Why it matters: reserved deals reduce uncertainty for large deployments but increase forecasting risk.
Burst pricing
Premium pricing or overage treatment applied when usage exceeds a contracted or baseline allocation.
Why it matters: burst behavior can distort unit economics during launches or agent-heavy workloads.
Service credit
A contractual remedy that compensates customers when a provider misses defined service commitments.
Why it matters: credits rarely repay business impact, but they expose how seriously SLAs are enforced.
Cost per task
The effective spend required to complete a business action such as a summary, support resolution, or code review.
Why it matters: cost per task is often more decision-useful than raw price per token.
Token budget
A spending cap or allocation measured in tokens, used to control cost across teams or features.
Why it matters: token budgets prevent runaway spend in agent loops or long-running batch jobs.
Input vs output pricing
The split between cost per input token (prompts) and cost per output token (completions), which often differ by 2-4x.
Signal to watch: output-heavy workloads like summarization cost disproportionately more than retrieval tasks.
Committed use discount
A price reduction offered in exchange for a contractual commitment to spend a minimum amount over a set period.
Why it matters: discounts range from 15-60%, but underuse penalties can erase the savings.
Free tier
A baseline allocation of requests or tokens provided at no charge, designed for experimentation or low-volume use.
Signal to watch: free tier limits often differ from paid tier rate limits, causing surprises at scale.
Total cost of ownership
The full lifecycle cost of running LLMs including API spend, engineering time, infrastructure, and risk mitigation.
Why it matters: API pricing is usually 30-50% of TCO; the rest is integration, evaluation, and ops overhead.
Trends & Guardrails
Emerging patterns and governance ideas that shape where the market is moving and where adoption can break down.
Agent
A system that uses a model to plan, call tools, and iterate toward a goal across multiple steps.
Signal to watch: useful agents depend on tooling, memory, and guardrails more than prompt cleverness.
Tool use
A model's ability to invoke external functions, APIs, or retrieval systems while generating an answer.
Signal to watch: tool routing quality affects whether agents stay grounded or drift into brittle loops.
Alignment
Techniques that steer a model toward preferred behavior, safety policies, and user intent.

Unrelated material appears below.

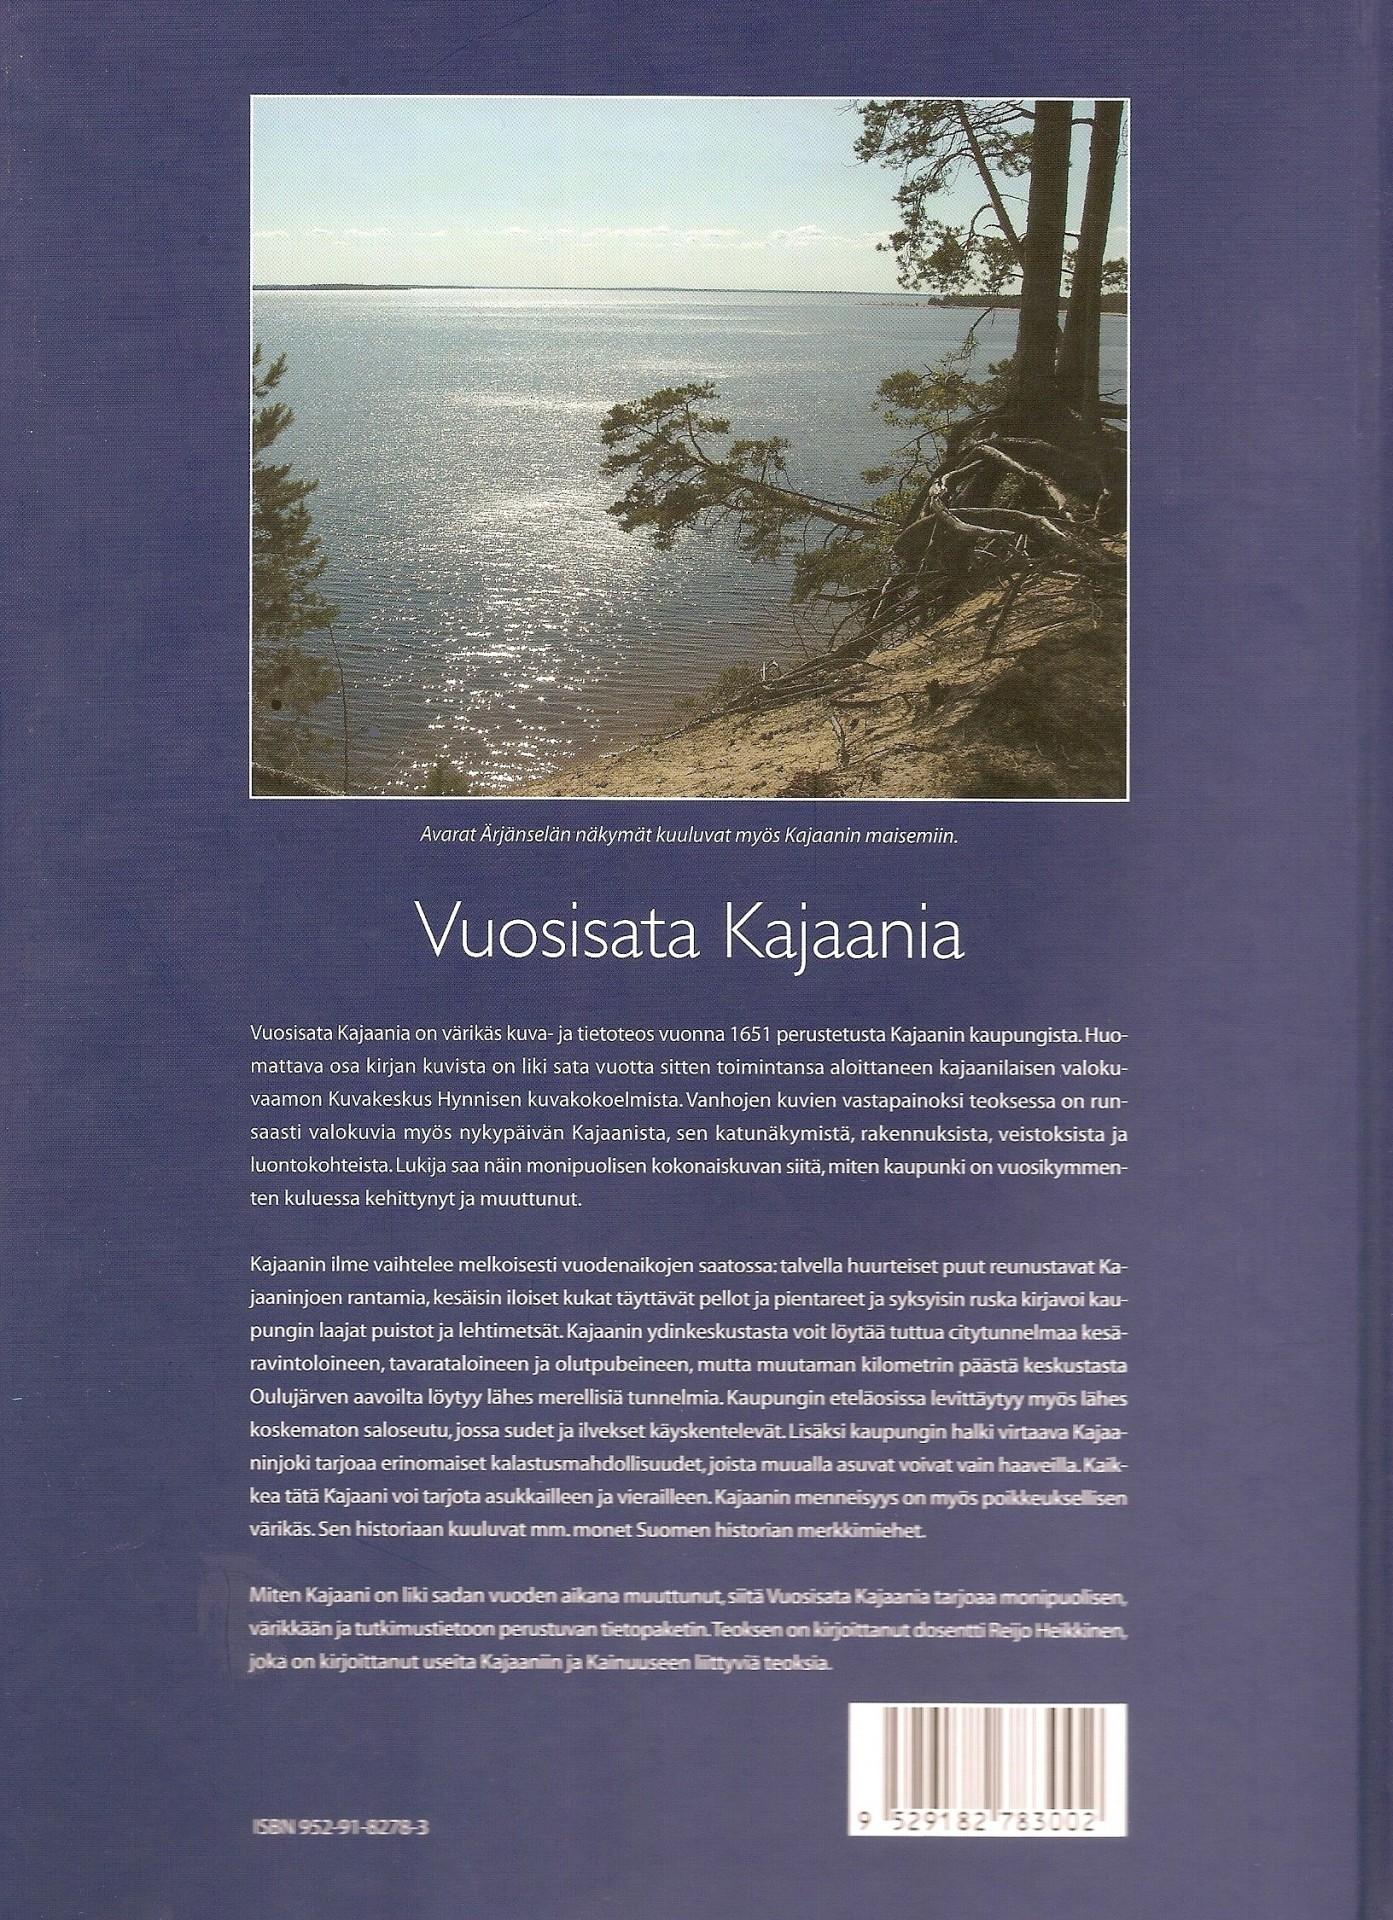 Vuosisata Kajaania 2005 II takakansi

Signal to watch: stronger alignment can improve trustworthiness but may also narrow behavior in edge cases.
Open-weight
A model whose weights are available for self-hosting, tuning, or private deployment.

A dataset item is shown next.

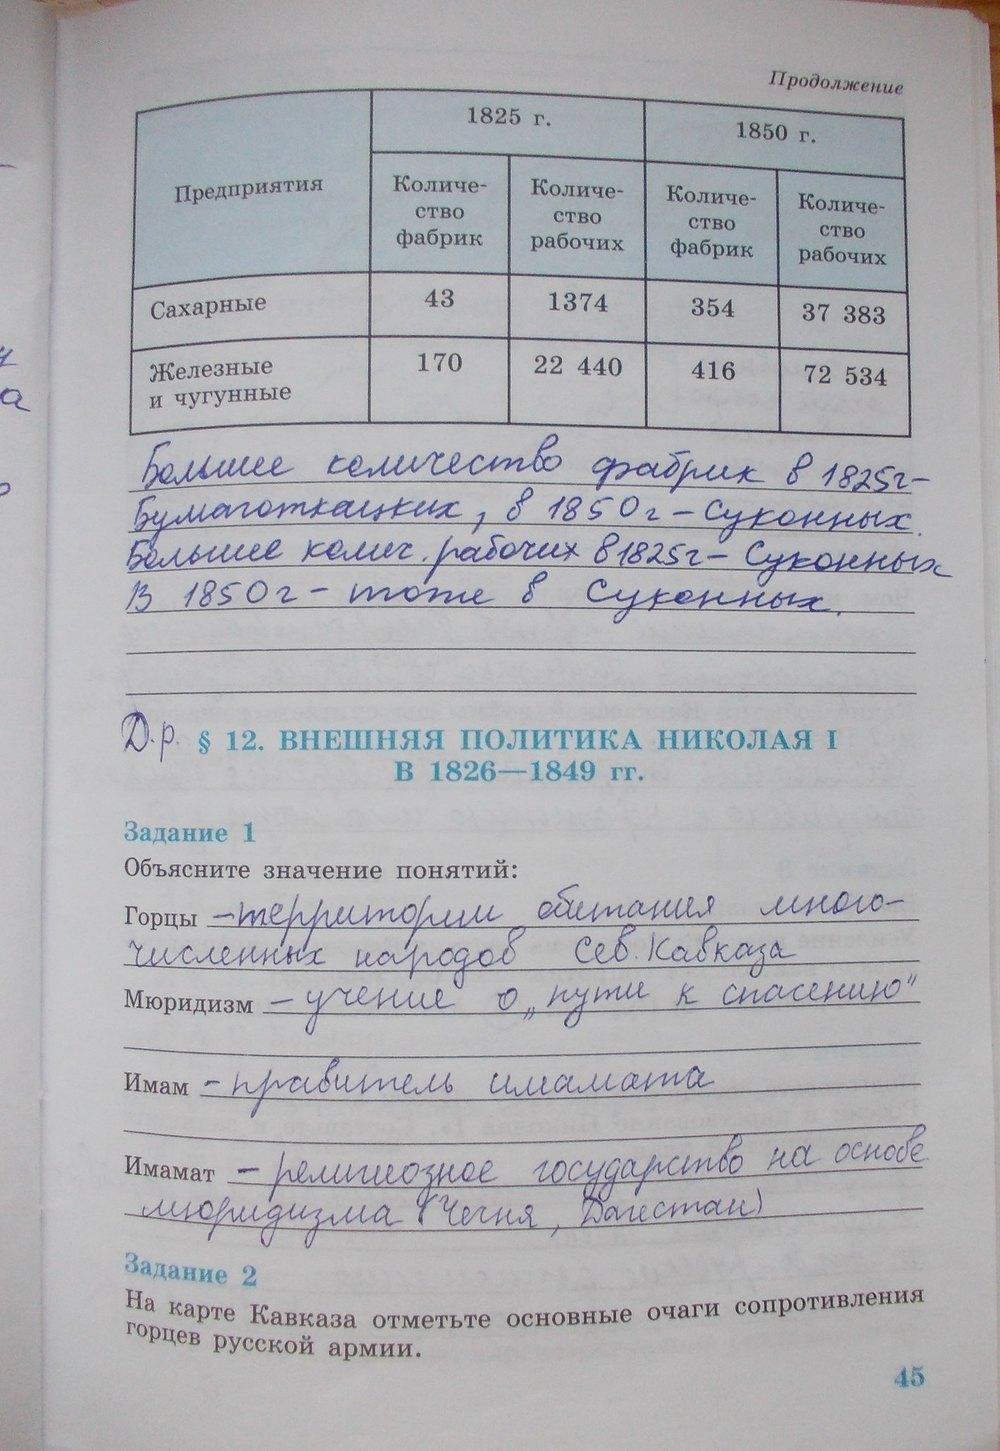 решебник по рабочей тетради истории россии 8 класса

Why it matters: open-weight models trade turnkey convenience for control over performance, cost, and data handling.
Privacy guardrail
A control that reduces the chance of exposing sensitive data through prompts, logs, training, or outputs.
Why it matters: privacy controls need to cover the full workflow, not only the model endpoint.
Prompt injection
An adversarial technique where hidden instructions in user input override or manipulate model behavior.

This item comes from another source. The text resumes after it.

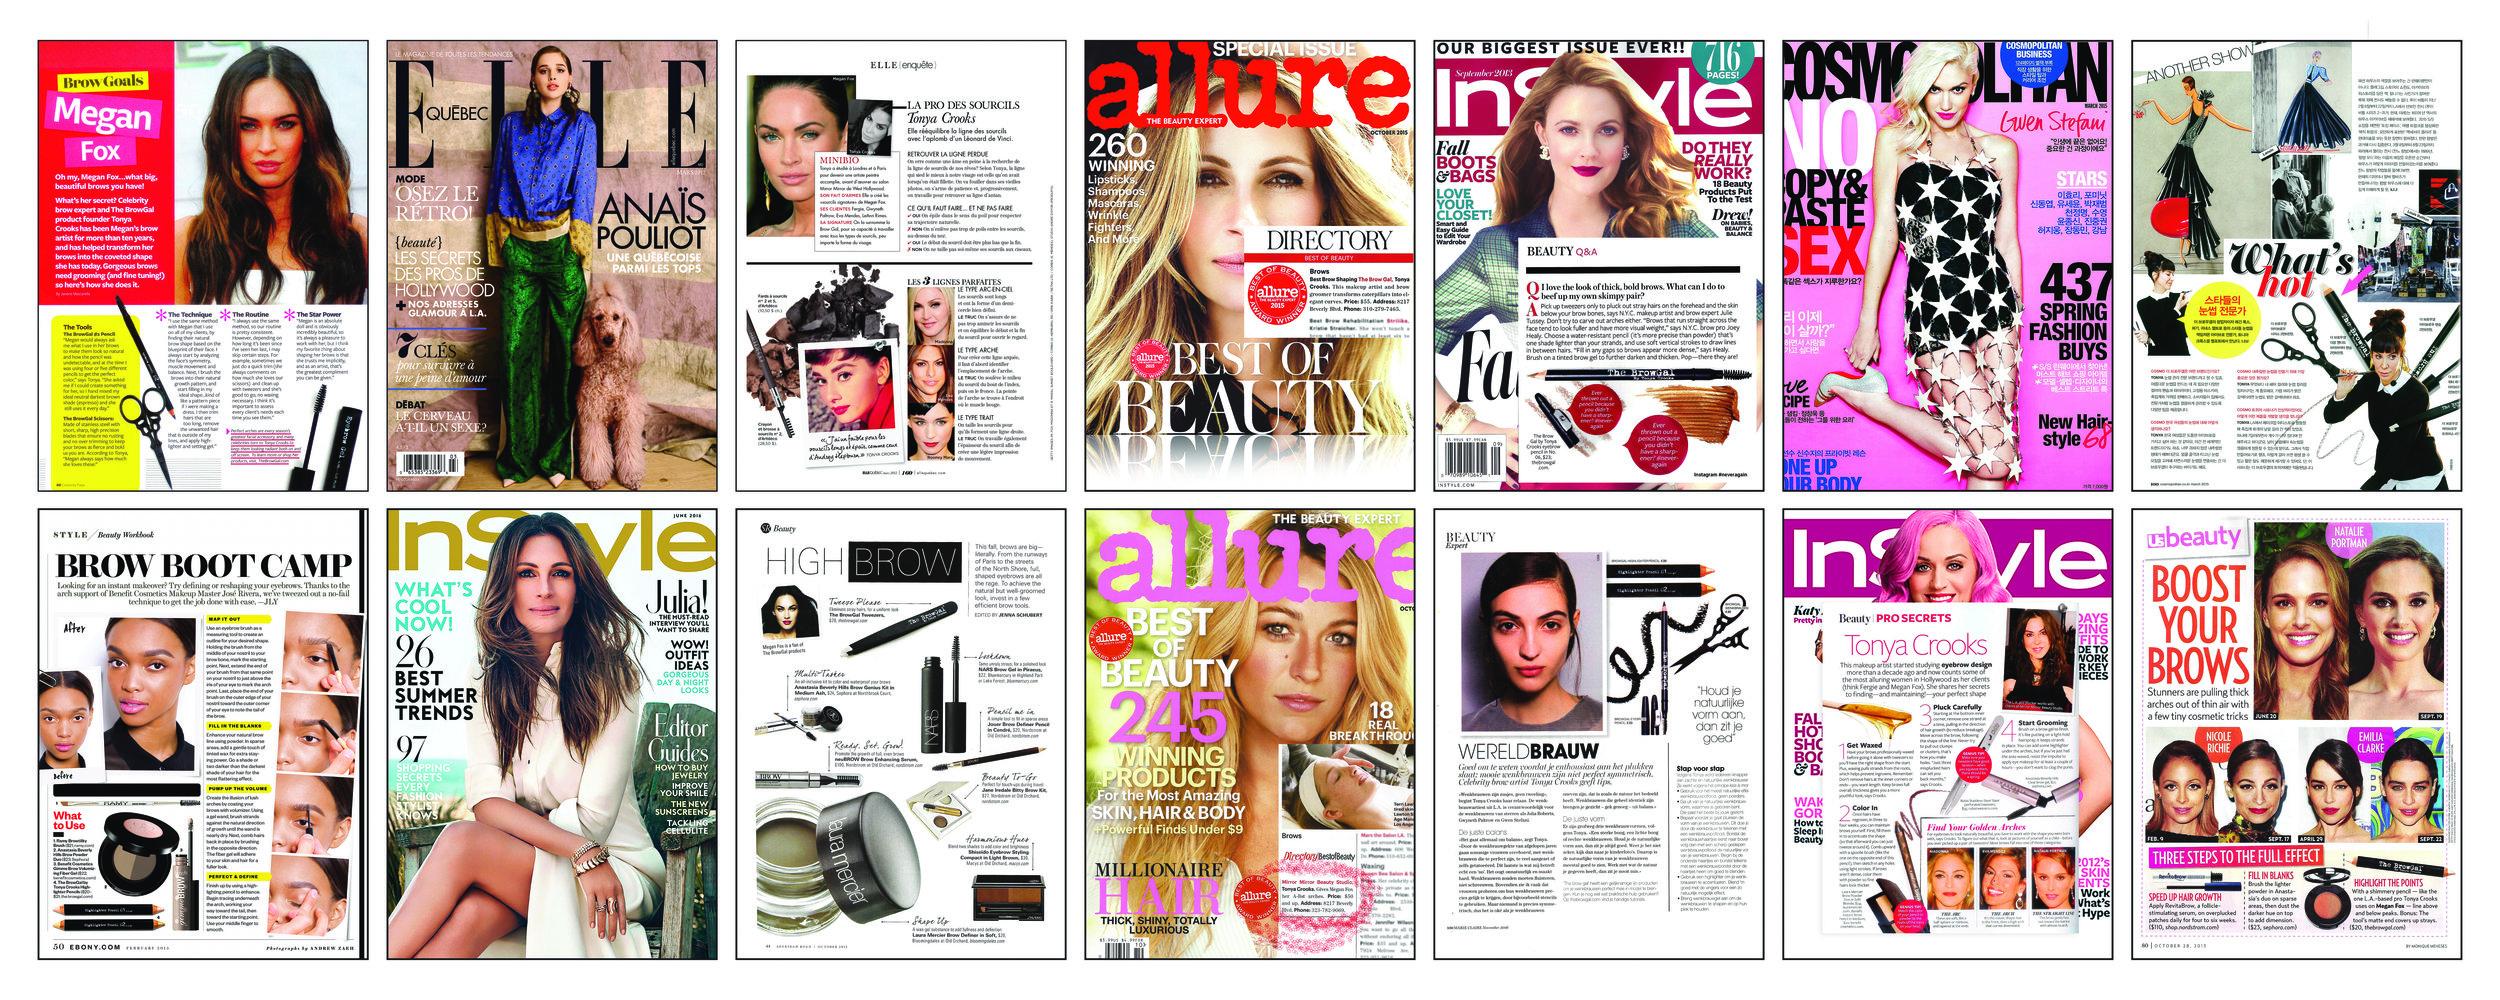 BrowGalPress60x24Banner.jpg

Signal to watch: prompt injection remains unsolved; defense-in-depth with input sanitization is essential.
Constitutional AI
An alignment method where a model critiques and revises its own outputs against a set of explicit principles.
Signal to watch: constitutional methods scale alignment review, but principle gaps still produce edge-case failures.
Model context protocol
An emerging standard for how applications share context, tools, and resources with language models.
Signal to watch: MCP adoption is growing fast; it may become the default integration pattern for tool-augmented LLMs.
Self-hosting
Running model inference on your own infrastructure instead of consuming a managed API.
Why it matters: self-hosting gives data control and cost predictability but requires GPU ops expertise.
Red teaming
Adversarial testing that probes a model for harmful outputs, jailbreaks, or policy violations before deployment.
Why it matters: red teaming is becoming a regulatory expectation, not just a best practice.